Construction of St Wilfrid's began in 1839 and the church building was completed in 1842, although a planned tower was never built.

The church served a small number of Irish people who lived in the area. In July 1852, during a period of anti-Catholic demonstrations, the building was mistakenly rumoured to be the target of Protestant people who desired to burn it down. There had been sectarian riots in nearby Stockport in the previous month and the heightened tensions led to a fight in a pub becoming misconstrued as an imminent attack on the church. A large mob of Irish people arrived to defend the building against this non-existent threat and, although the priest, Reverend Toole, attempted to calm them and urged them to disperse, for several days afterwards a group of people stood watch over it.

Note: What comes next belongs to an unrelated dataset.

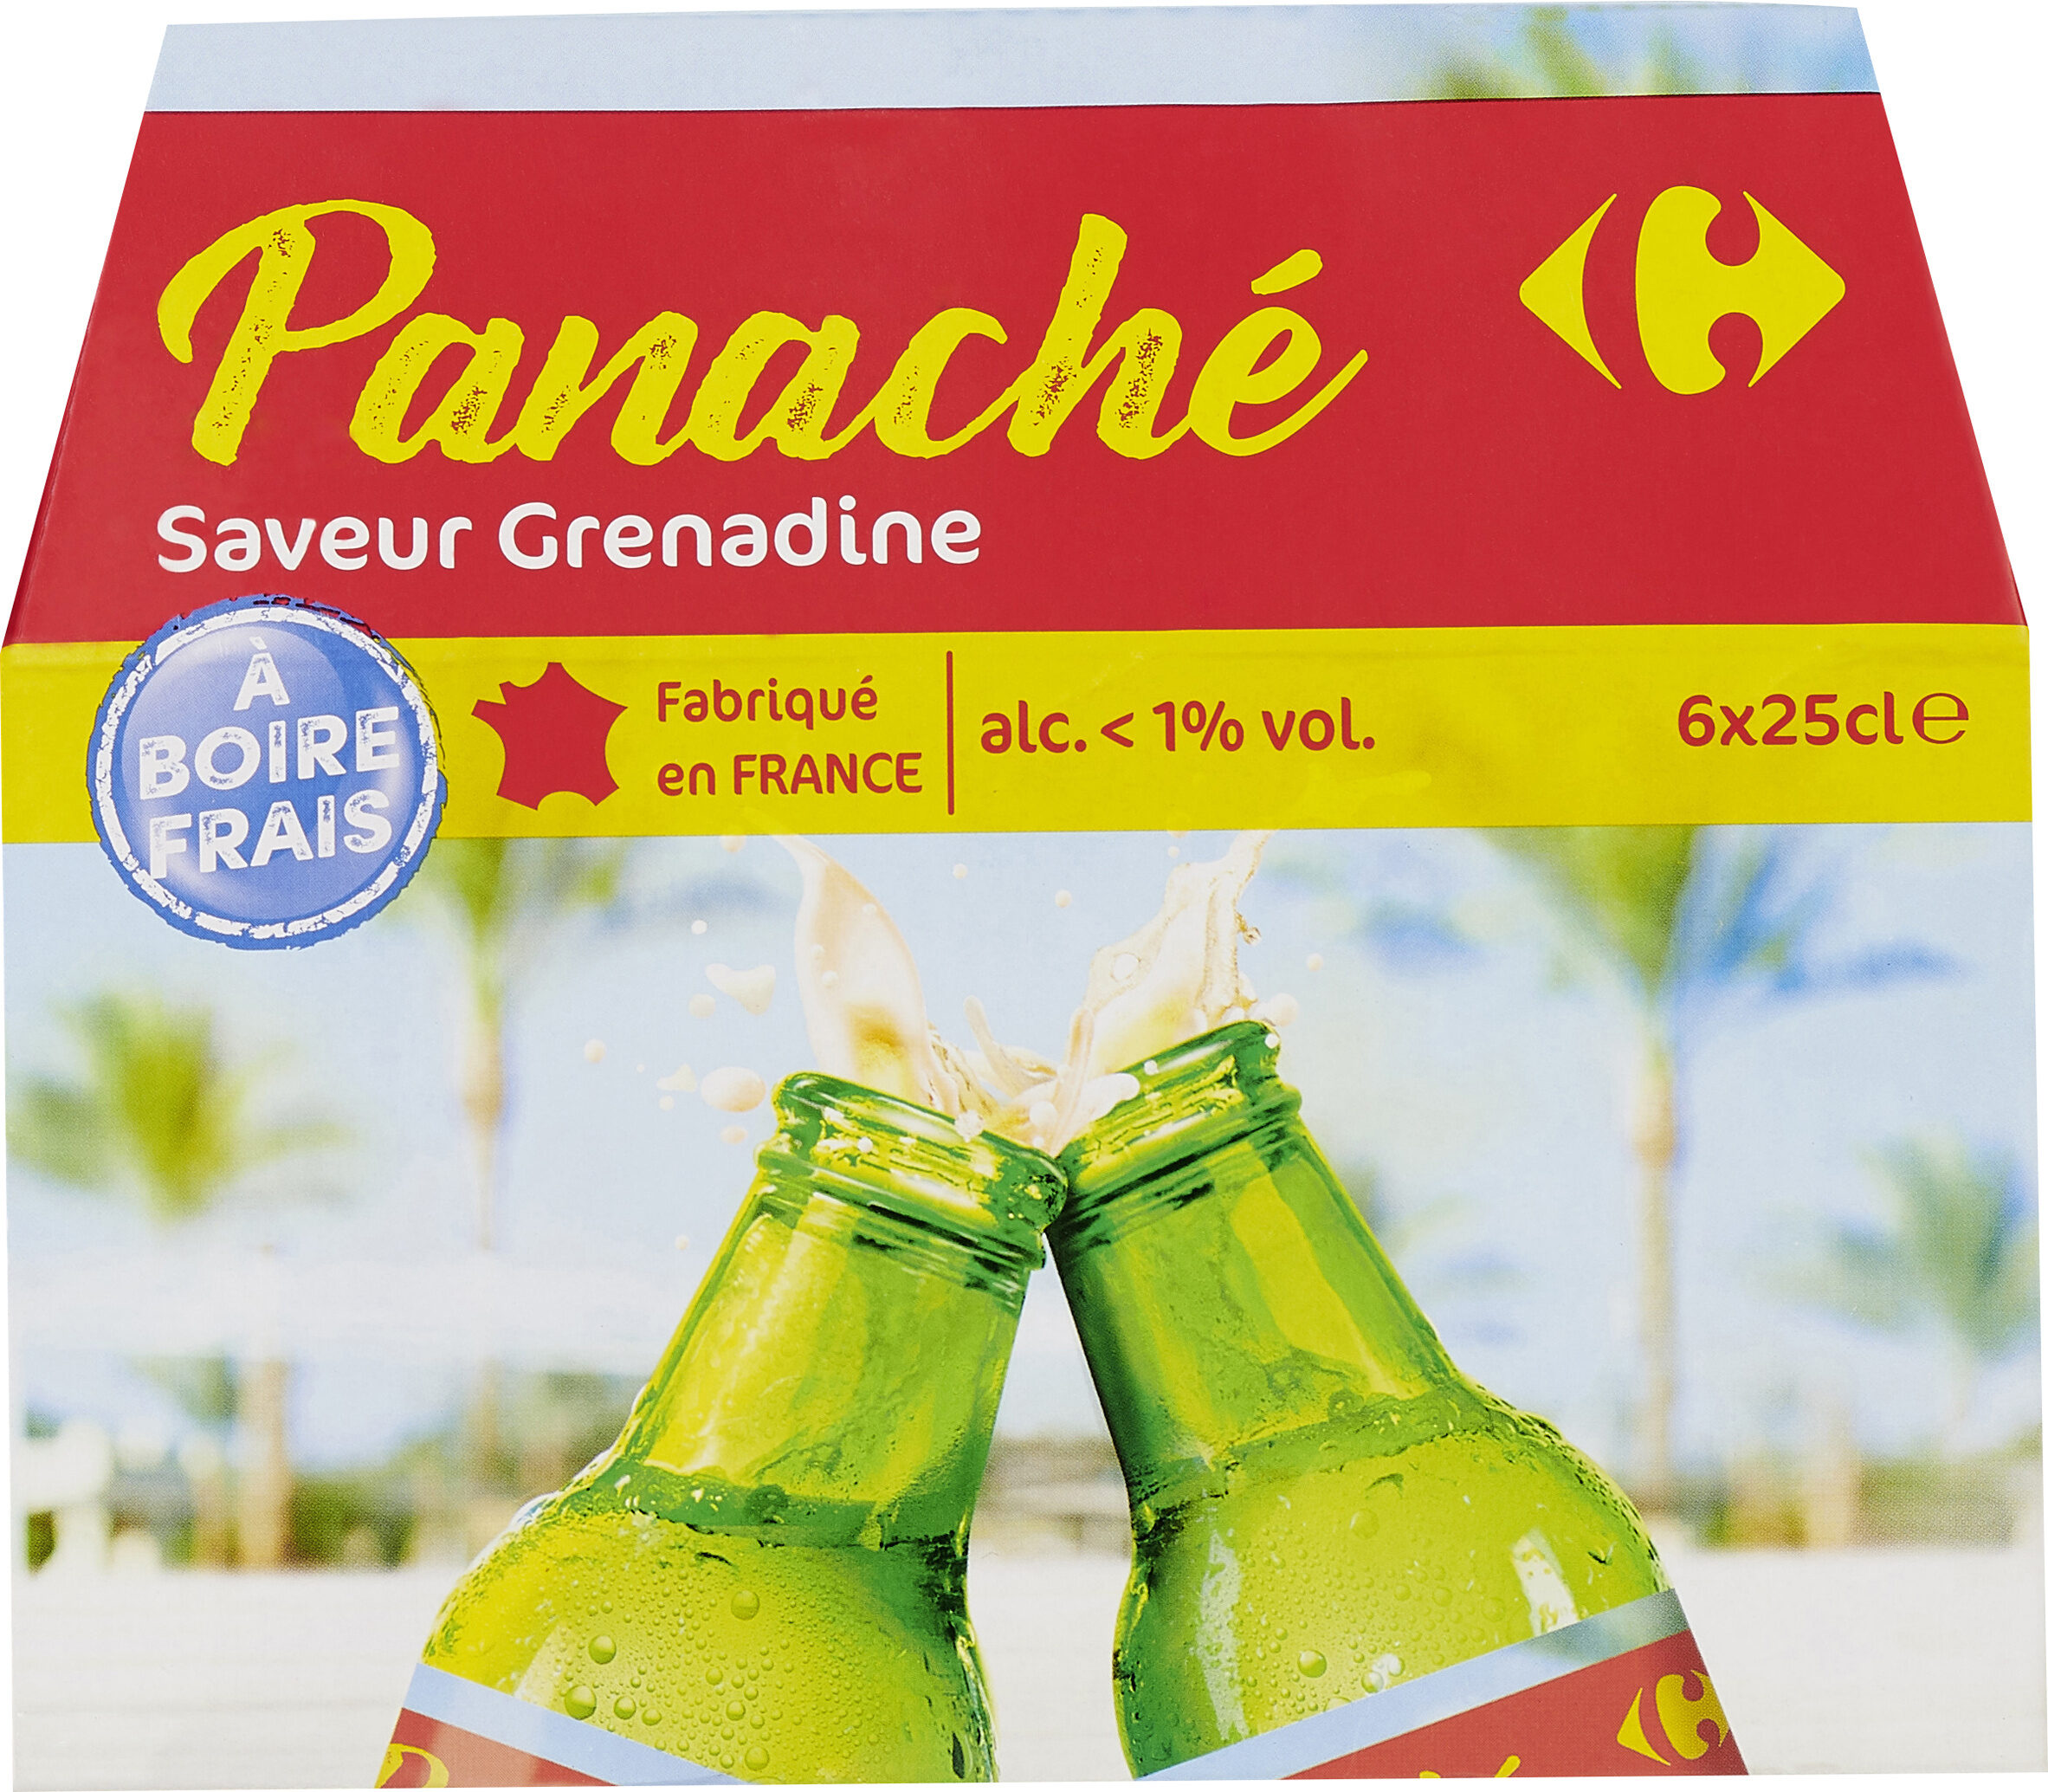 Panaché Saveur Grenadine - Produkt - fr

The church had the services of Irish priests from County Kerry continuously from the 1890s until the 1930s.

St Wilfrid's became a Grade II listed building in December 1963. Facing declining enrollment, the parish was suppressed and the church was deconsecrated in 1990. The church was converted into a factory that manufactured beds and in 1994 became an enterprise centre.

Among those buried at the church was William Bally, a Swiss sculptor and phrenologist.